**AIM OF THE EXERCISE**: Give again, word for word, every line in the entries below from the line with "Telekom Aktion: 240" up to and including the line with "3.45 ct, Color D/FL, Heart cut Diamond", and no other line.

**RAW DATA**:
= Beginning of Section =
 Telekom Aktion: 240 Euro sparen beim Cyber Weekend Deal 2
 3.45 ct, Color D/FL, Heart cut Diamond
= End of Section =
= Beginning of Section =
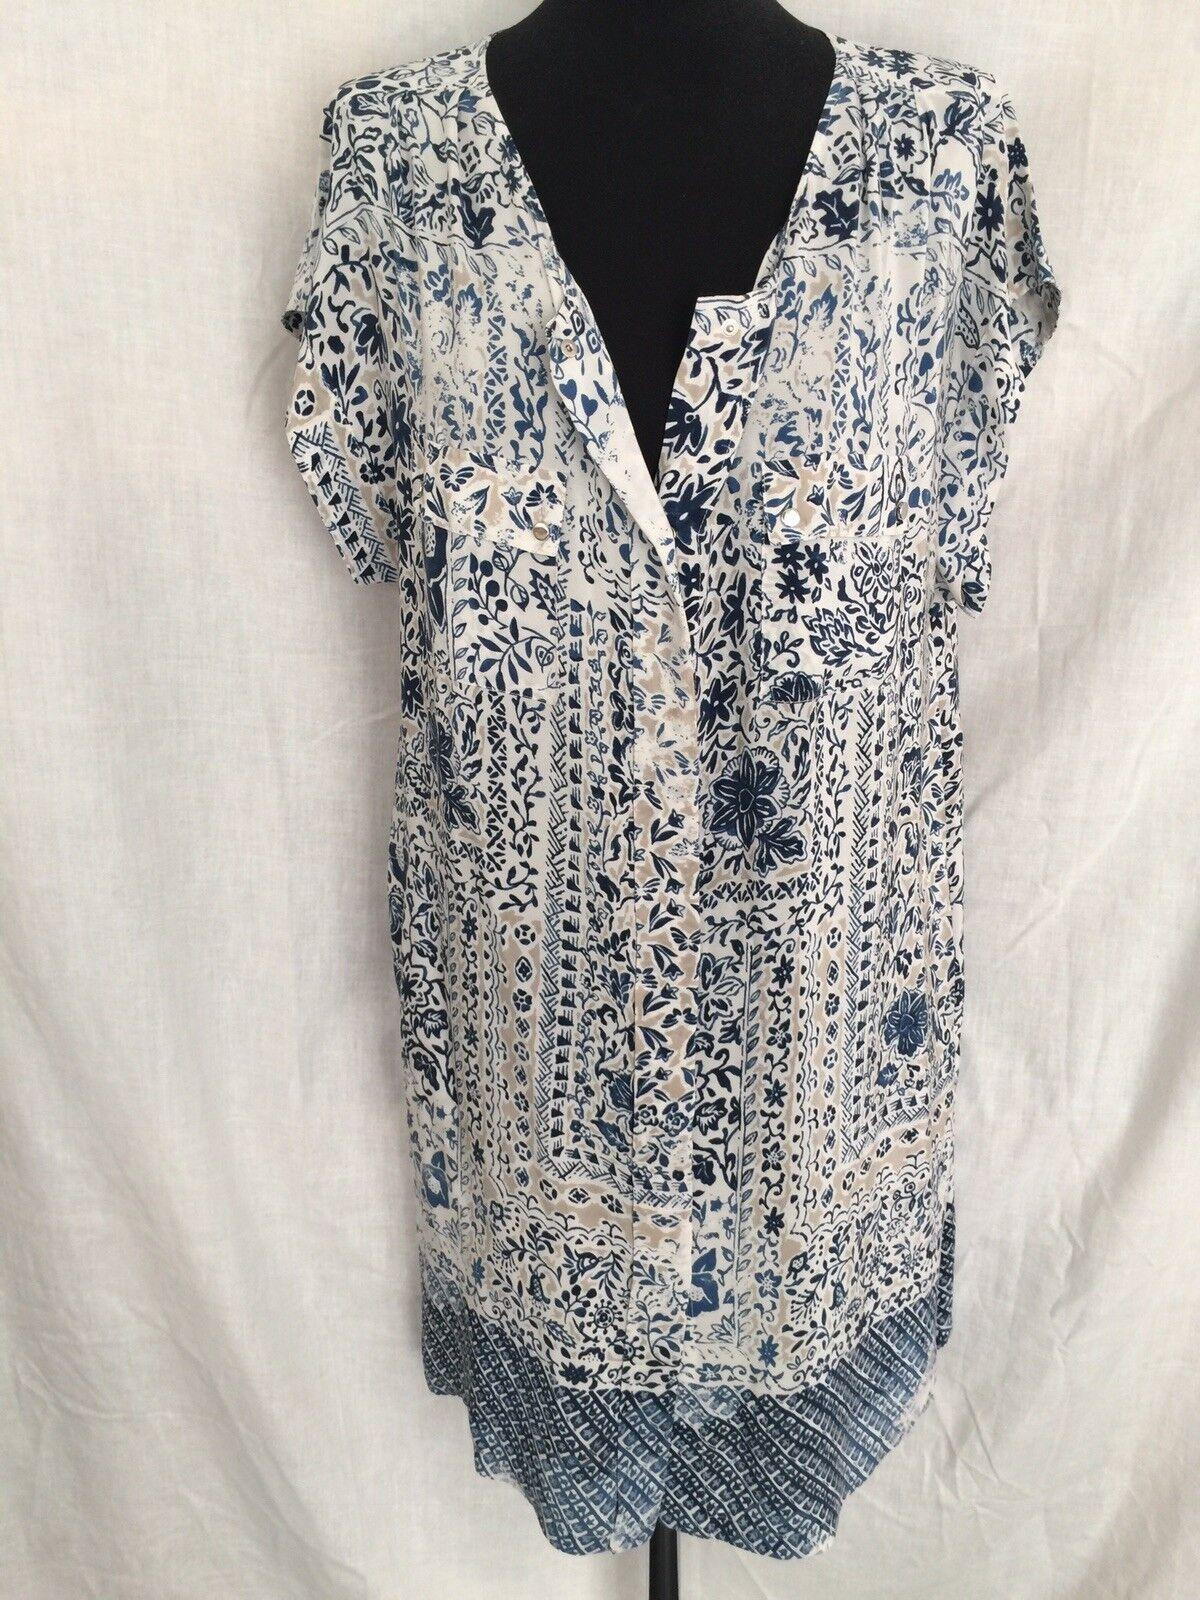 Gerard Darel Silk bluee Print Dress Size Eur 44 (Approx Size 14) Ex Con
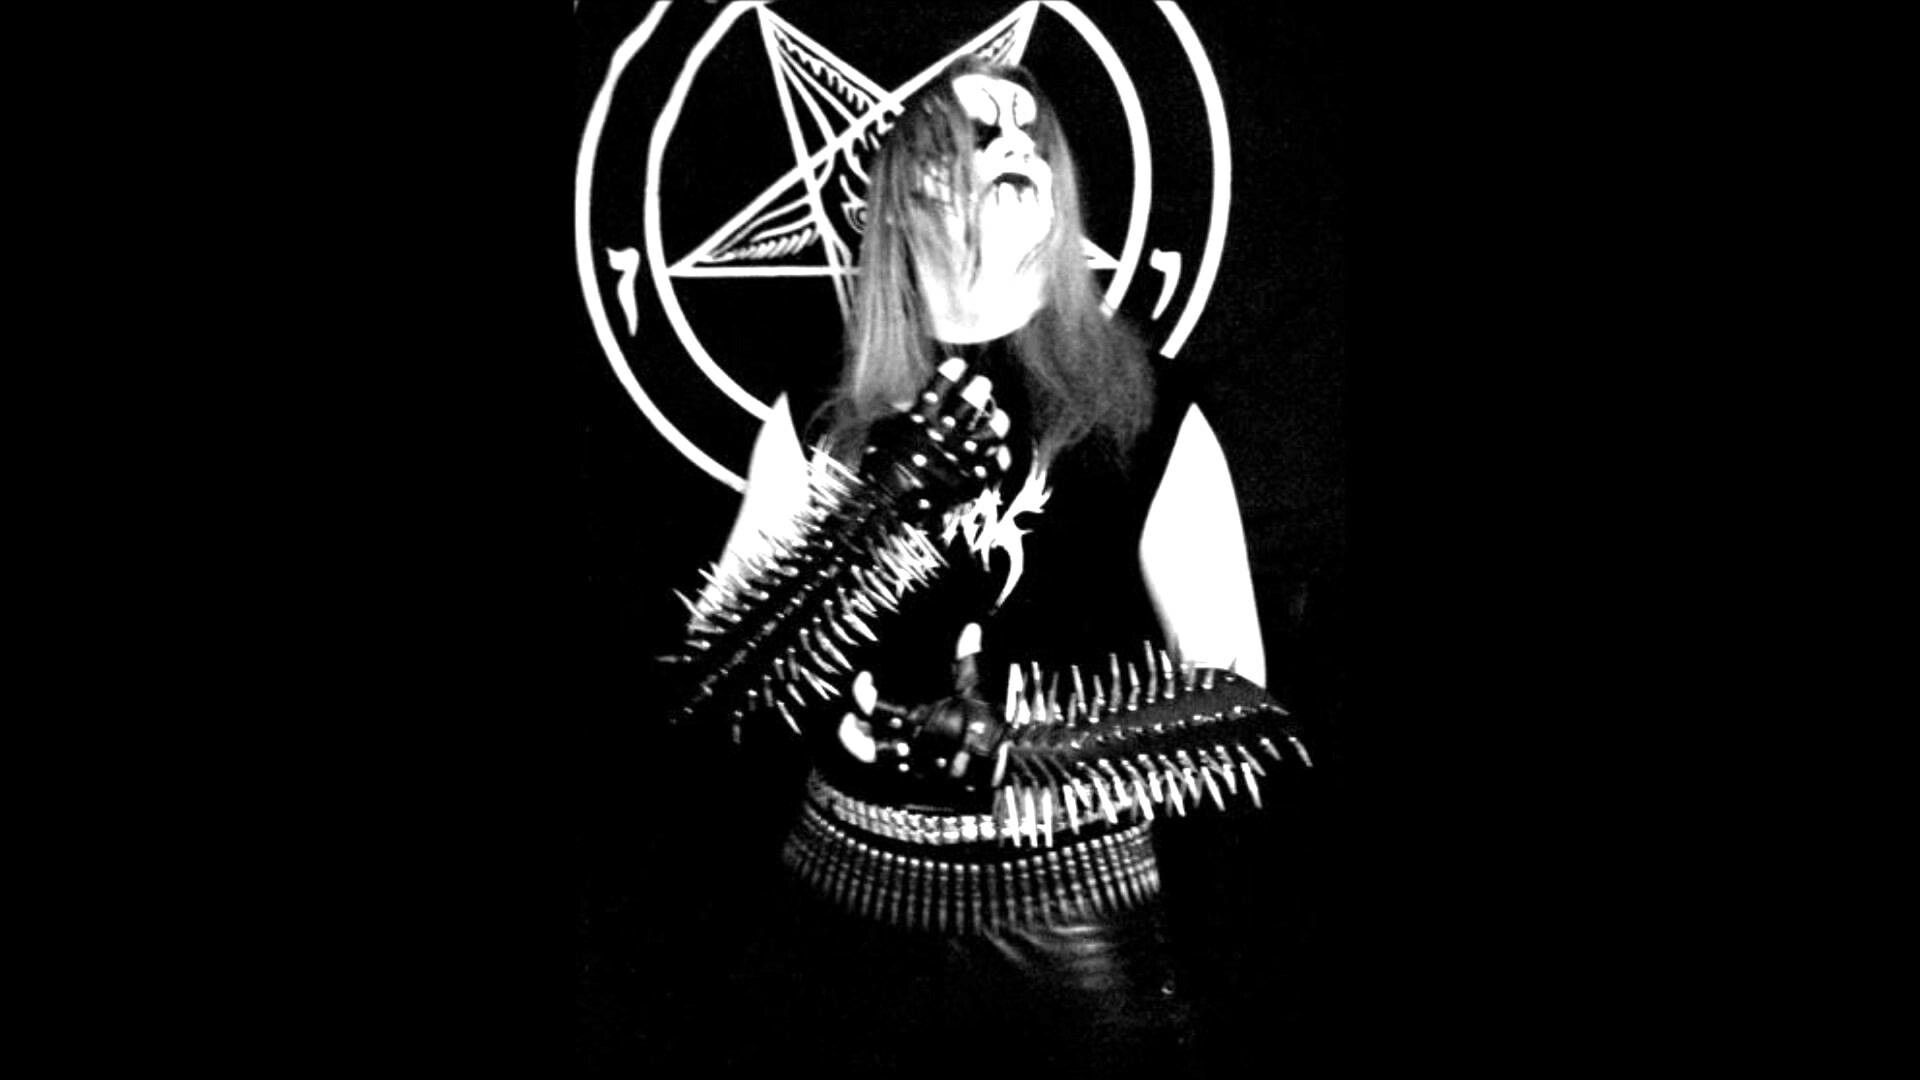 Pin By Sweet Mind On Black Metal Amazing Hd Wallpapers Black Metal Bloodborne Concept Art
= End of Section =
**TASK OUTPUT**:
 Telekom Aktion: 240 Euro sparen beim Cyber Weekend Deal 2
 3.45 ct, Color D/FL, Heart cut Diamond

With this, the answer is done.